* **What you will do**:
From first line to last, transcribe the listing exactly and skip any image.

* **Recorded information**:
* * *

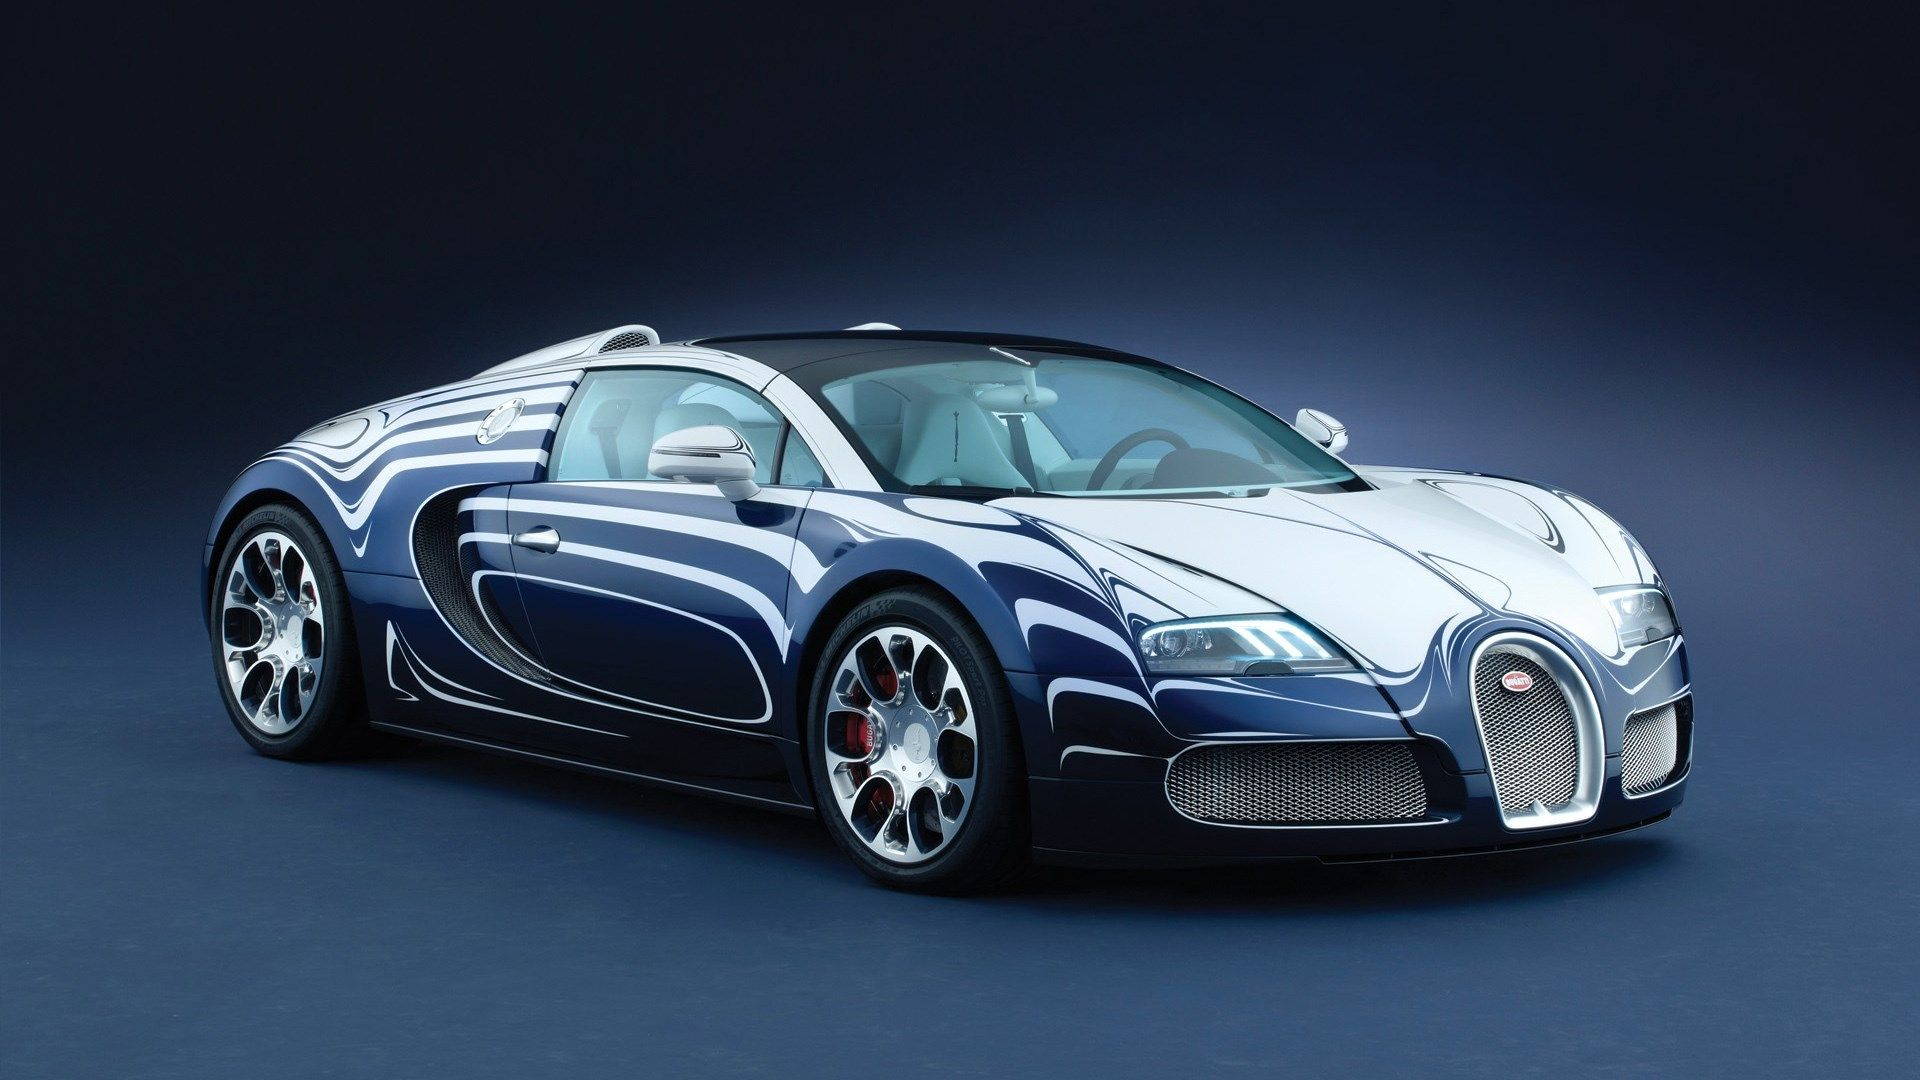 Superbe Bugatti Veyron Super Sport Image Full Hd, 793 KB   Dudu Fletcher
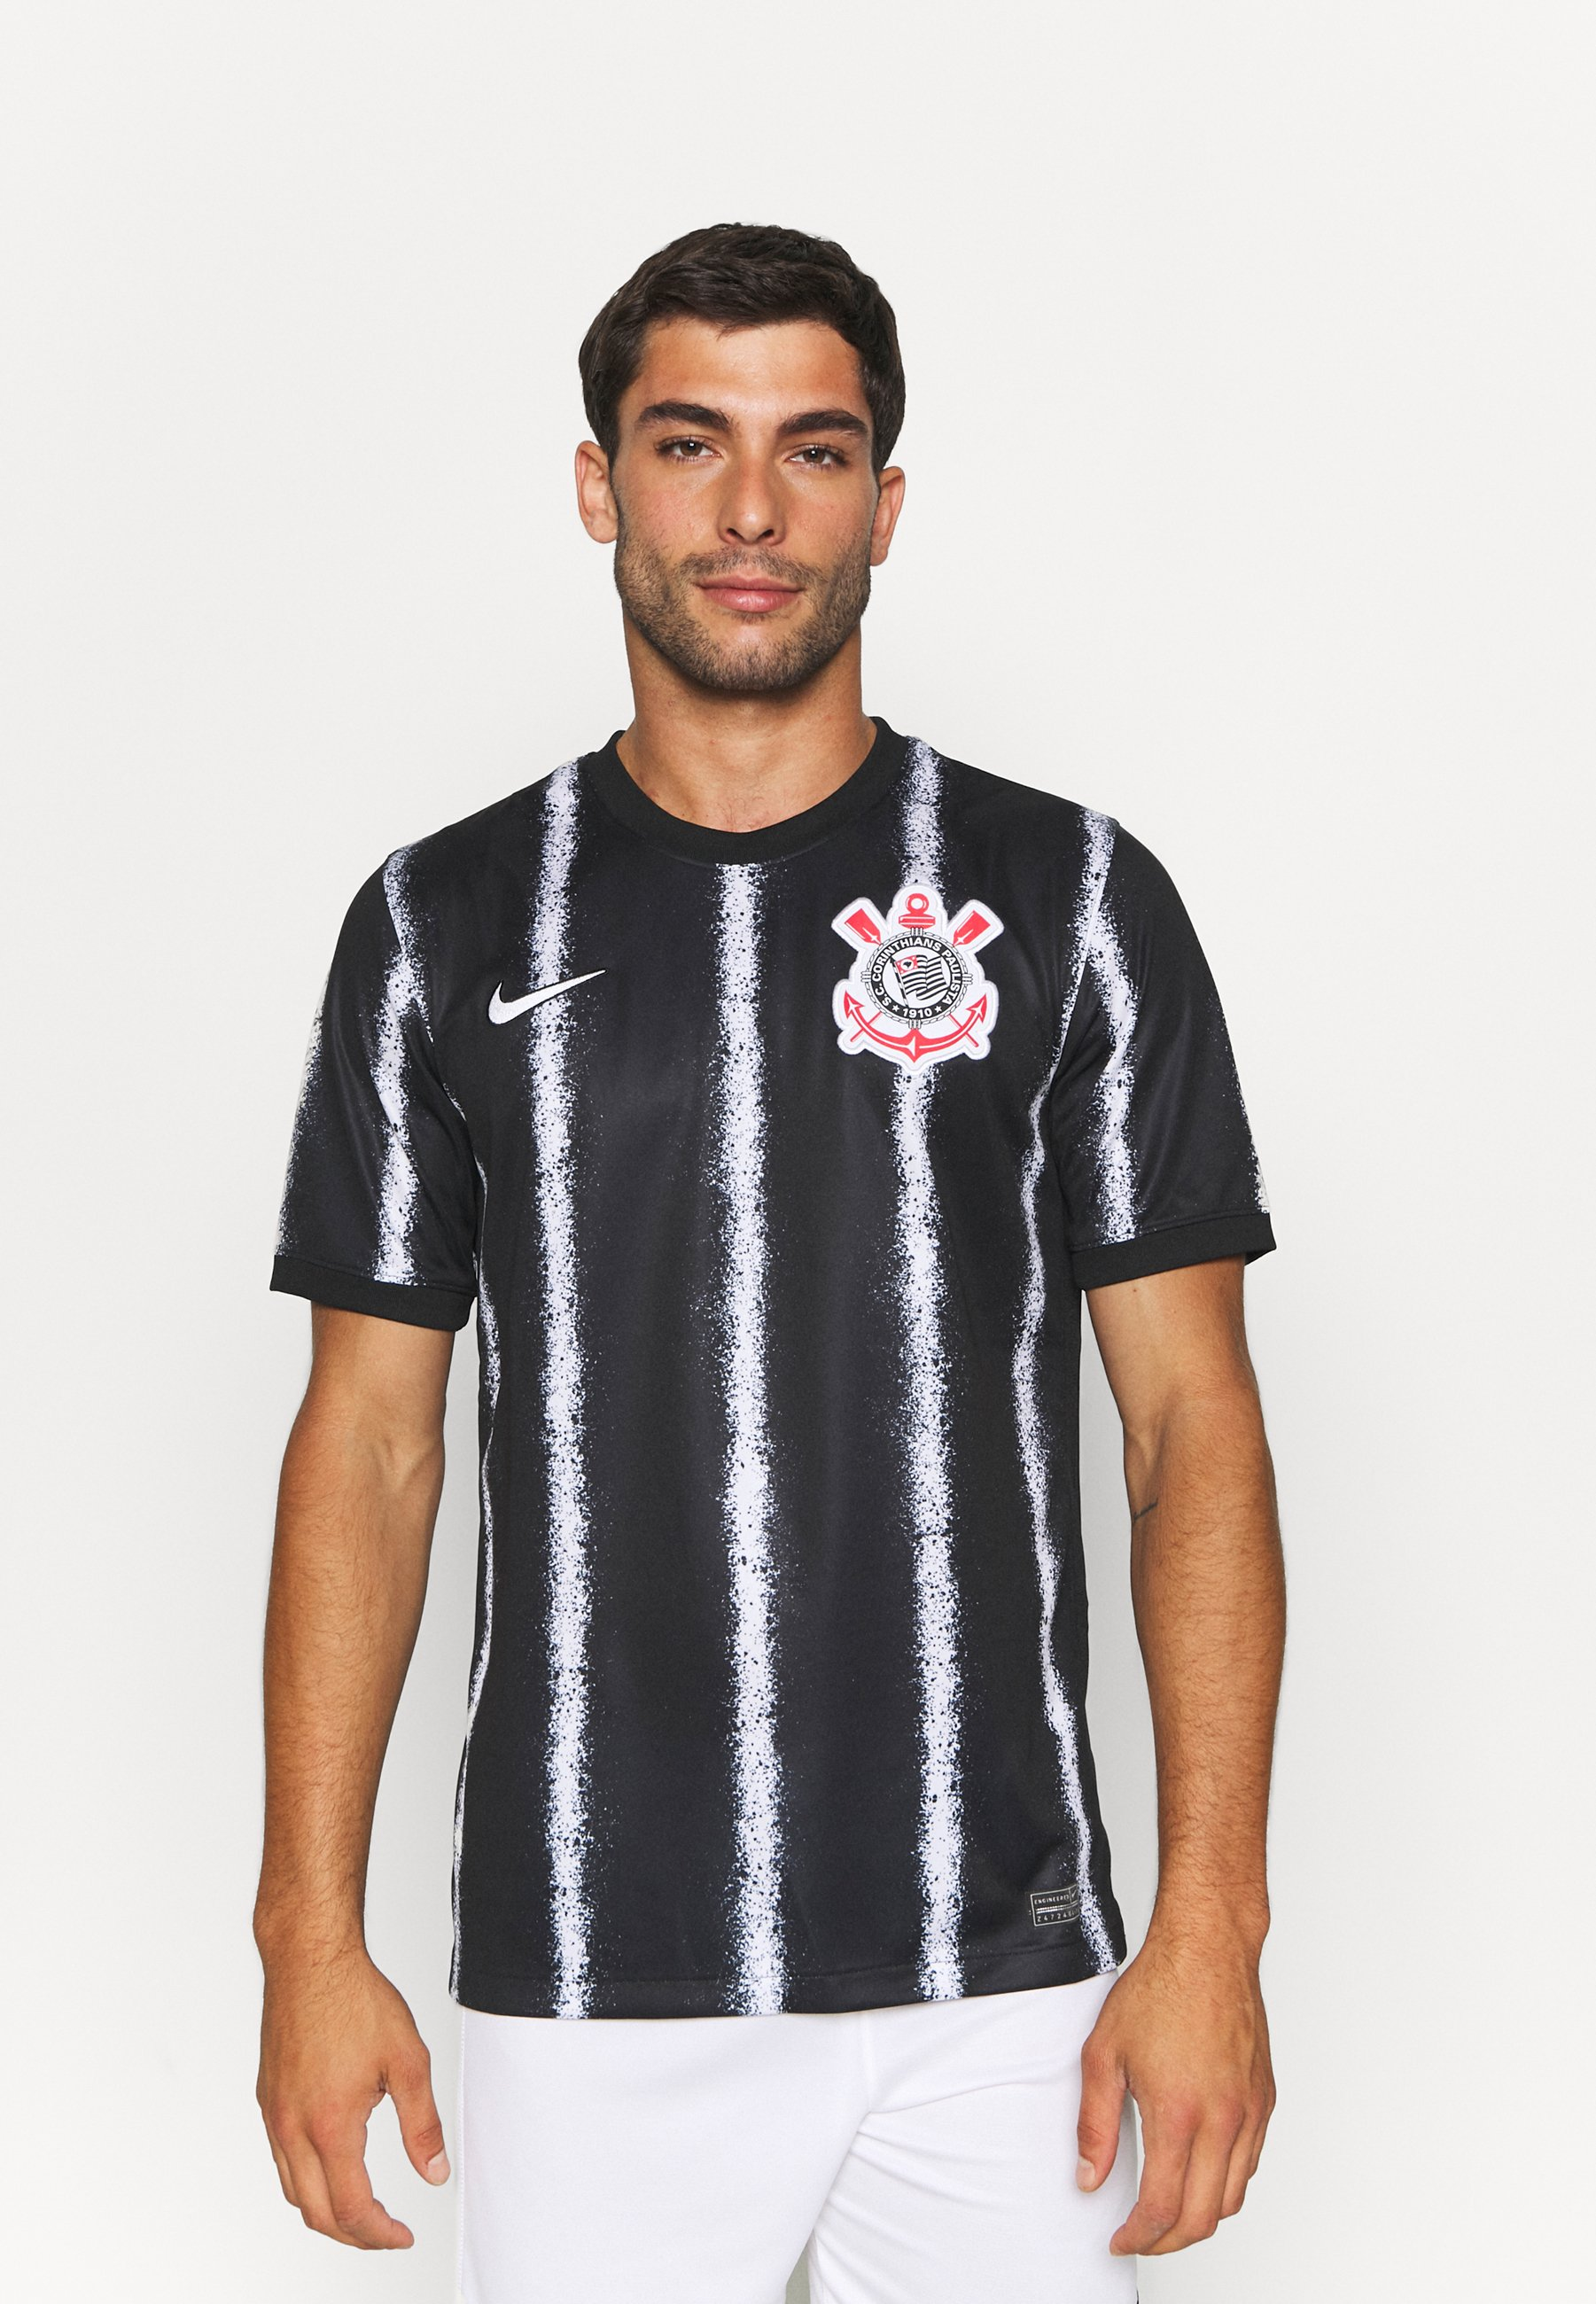 Men CORINTHIANS SAO PAOLO  - Club wear
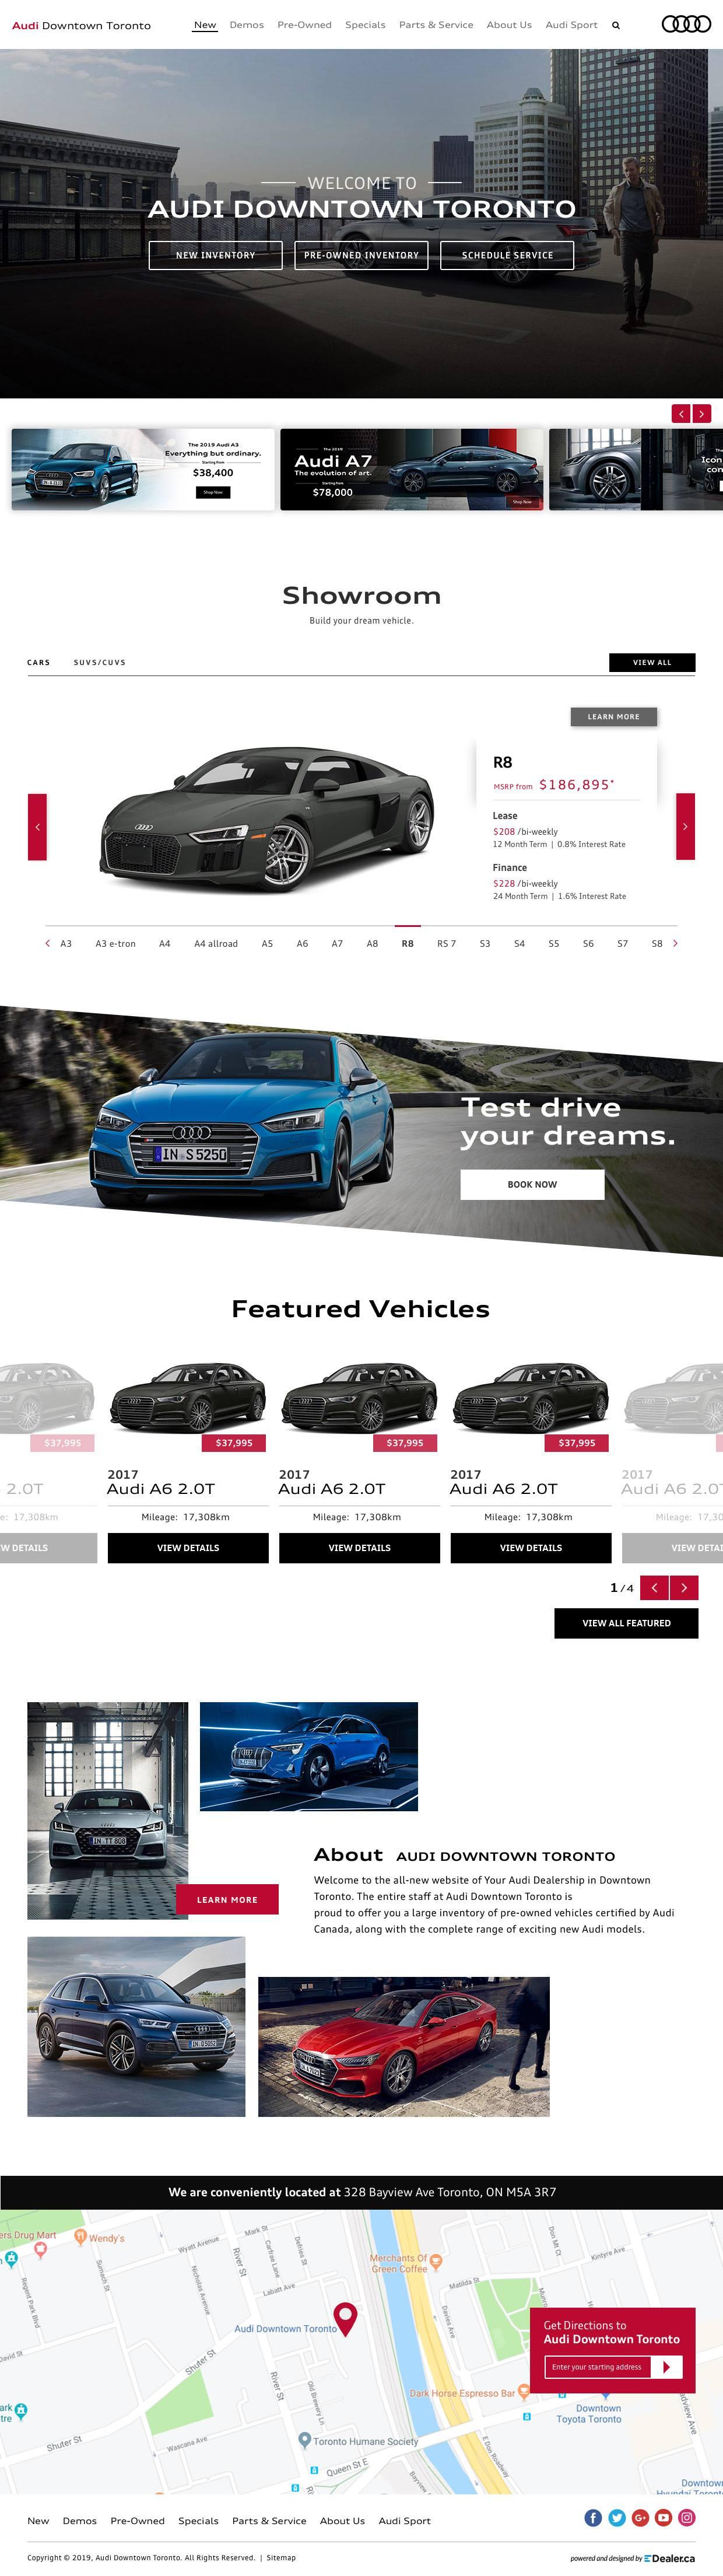 Audi Downtown Toronto

* * *

* **Task solution**:
 Superbe Bugatti Veyron Super Sport Image Full Hd, 793 KB   Dudu Fletcher
 Men CORINTHIANS SAO PAOLO  - Club wear
 Audi Downtown Toronto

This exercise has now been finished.